Frailty is a state of increased vulnerability to stressors which develops as a consequence of age-related decline in several inter-related physiological systems [1, 2], and is associated with a wide range of adverse health outcomes such as delirium, falls, functional decline, prolonged hospitalization and death [3,4,5,6,7,8,9]. Although qualitative assessment using “clinical judgment” is often used to identify frailty, this is not a reliable method and is less accurate than using formal assessment tools [10]. Several assessment tools have been proposed to assist with the identification of frailty in the Emergency Department (ED) [10,11,12,13].

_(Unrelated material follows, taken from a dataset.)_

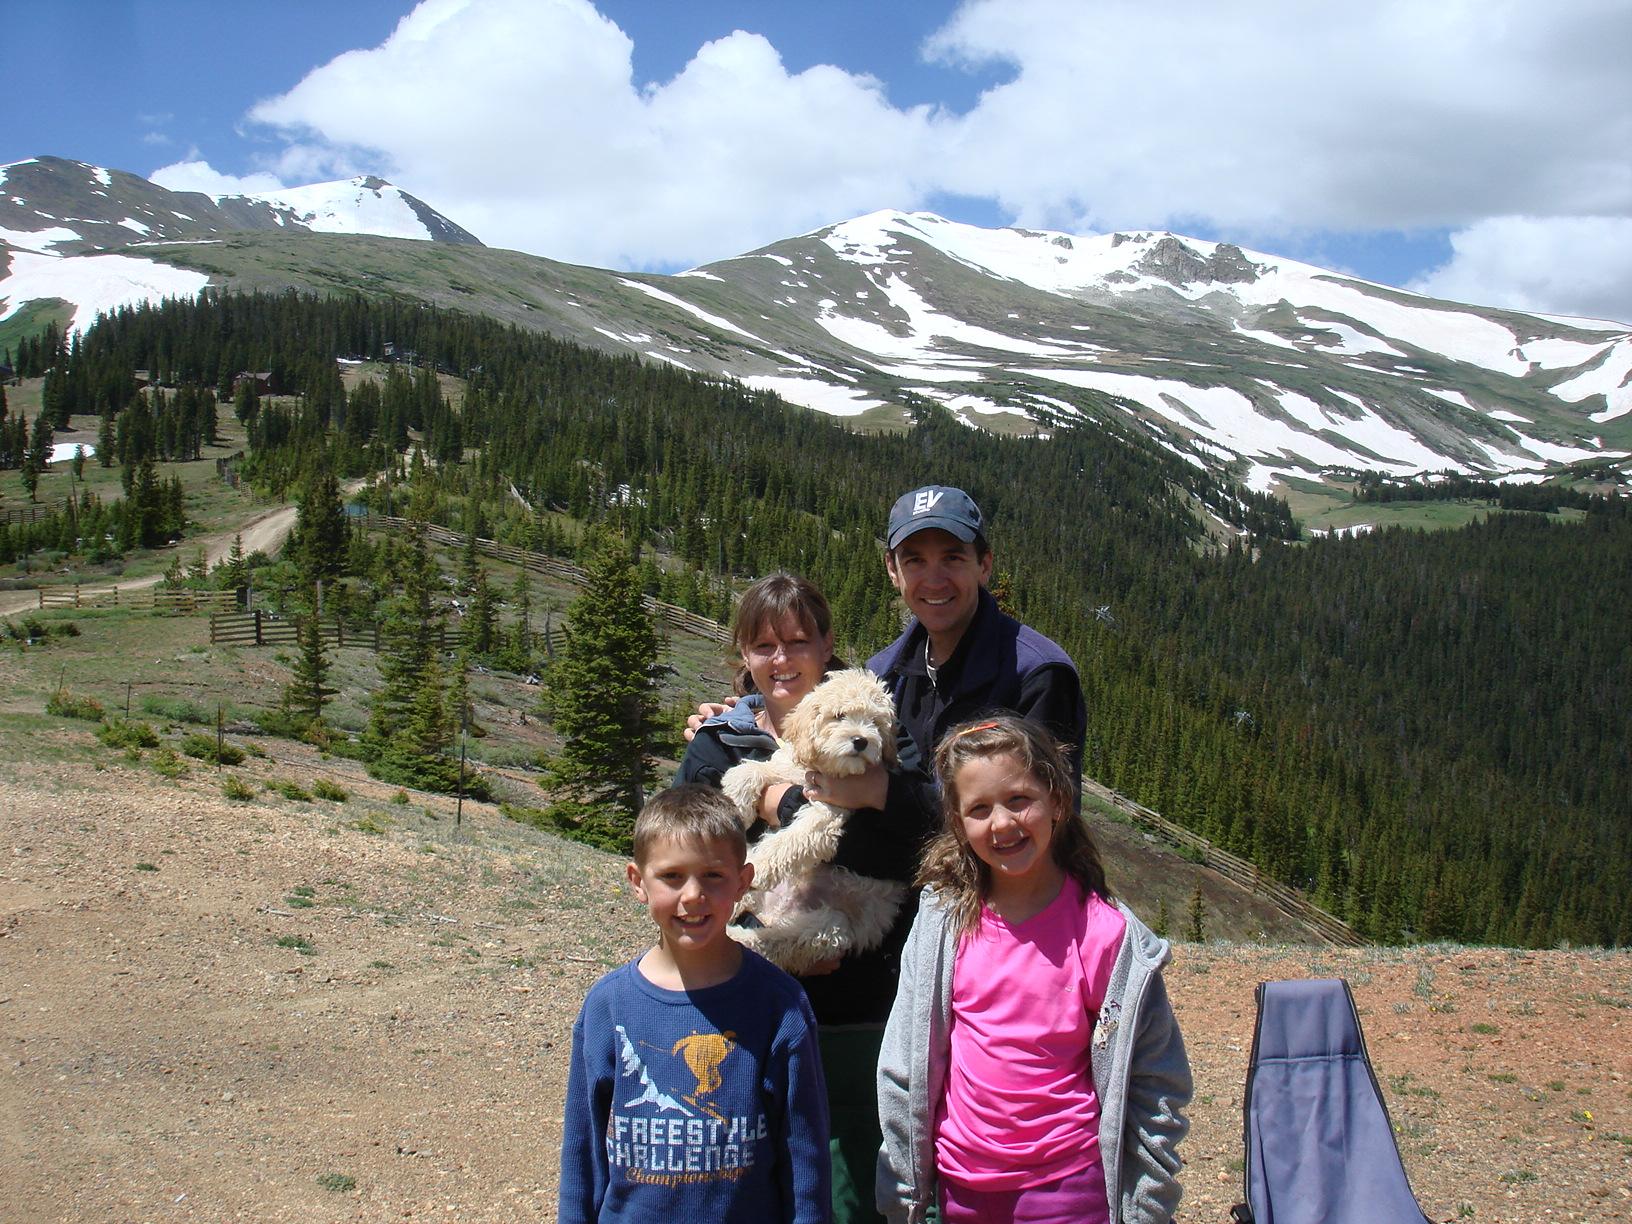 Dean and family on Peak 9, Breckenridge

The Clinical Frailty Scale (CFS) is a 9-point scale ranging from “very fit” to “terminally ill” [14]. It is one of the most commonly used frailty assessment tools [15]. The CFS allows health care providers to quickly stratify older patients with the help of pictographs and clinical descriptors. Using the CFS in the ED may be helpful in the early identification of patients who may benefit from additional services, and to support clinical decision-making [3, 8, 9, 16]. The CFS takes less than a minute to complete and due to its simplicity and ease of use the CFS is well-suited for use in the ED [12, 17,18,19,20].

Importance

The CFS has been investigated for interrater reliability (IRR) between nurses and physicians, between patients’ self-ratings and health care providers’ ratings, and between physicians from different specialties [19, 21,22,23,24]. In EDs, however, there has been a limited amount of studies evaluating the CFS interrater reliability, either including few patients or specific patient groups or never including nurses who specialize in care of older patients. In an ED study from the UK in which the CFS is in routine use, frailty assessment at triage was reported to include 50.3% of patients aged 65 and older [8]. A smartphone application has also been made available to aid CFS scoring in the hands of less experienced personnel. The application was developed as a response to the National Institute of Health and Care Excellence recommending use of the CFS when risk stratifying older people with COVID-19 [25].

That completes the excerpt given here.